Ever since their appearance in 2004, electronic cigarettes have found success by cornering the market as the safer alternative to their traditional counterparts. The assumption has long been that e-cigarettes are harmless because they contain no tobacco and involve no combustion.
However, a new study published in the Environmental Health Perspectives journal last month seems to indicate otherwise. The findings of the study indicate that e-cigarettes could be potentially dangerous sources of exposure to toxic metals like Chromium, Nickel, and Lead and to metals that are toxic when inhaled, such as Manganese and Zinc.
The study, which was conducted by a team of scientists from the Johns Hopkins Bloomberg School of Public Health in Baltimore, Maryland, showed that e-cigarettes generate an aerosol by heating a solution with a metallic coil. The purpose of the investigation was to determine whether the transfer of metals from the heating coil to the e-liquid in the e-cigarette tank was dangerous.
The team, headed by senior study author Ana María Rule, sampled the refilling dispenser, aerosol, and e-liquid tanks from 56 e-cigarette devices of daily e-cigarette users. They found that aerosol mass concentrations for the detected metals exceeded current health-based limits in close to 50% or more of the samples for Chromium, Manganese, Nickel and Lead.
The ingestion of these metals can lead to a number of health issues. According to the study’s press release, “chronic inhalation of these metals has been linked to linked to lung, liver, immune, cardiovascular, and brain damage, and even cancers.”
There has been a steady growth in e-cigarette popularity on college campuses all across the country. Like most things these days, its popularity has grown rapidly thanks to the internet culture popularization such as the trending hashtag #VapeNation.
SLU introduced a Tobacco-Free Policy that went into effect on July 1, 2016. The policy includes e-cigarettes (although they technically do not have tobacco). However, college students between the ages of 18 and 24 are still the largest e-cigarette users over all others.

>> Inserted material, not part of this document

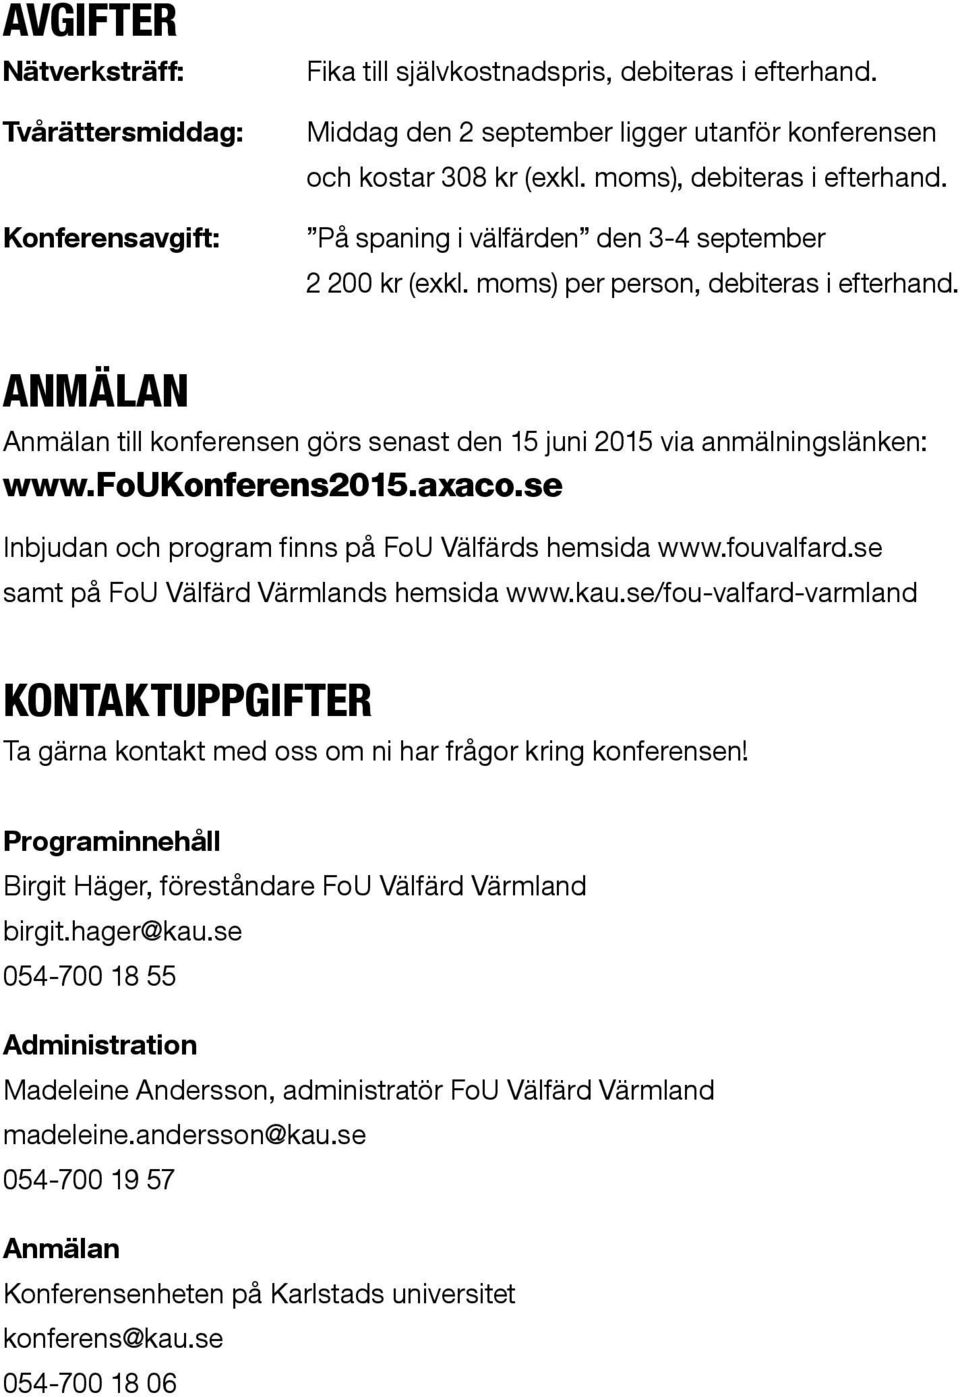 ANMÄLAN Anmälan till konferensen görs senast den 15 juni 2015 via anmälningslänken: www.foukonferens2015.axaco.se Inbjudan och program finns på FoU Välfärds hemsida www.fouvalfard.

The popularity of vaping comes from the nicotine “hit” experienced while providing the look and feel of tobacco-smoking. The assumption that vaping is “safe” has been contested for a while now, however. This is just one of many studies that have been released over the last year that seem to indicate vaping is not the refuge many initially thought.
It is within the Food and Drug Administration’s ability to regulate e-cigarettes, but they are still considering how to do so. This recent study could serve as the most recent development to encourage the FDA to make it a major focus moving forward.
Dr. Rule wanted to express that “it’s important for the FDA, the e-cigarette companies and vapers themselves to know that these heating coils, as currently made, seem to be leaking toxic metals—which then get into the aerosols that vapers inhale.”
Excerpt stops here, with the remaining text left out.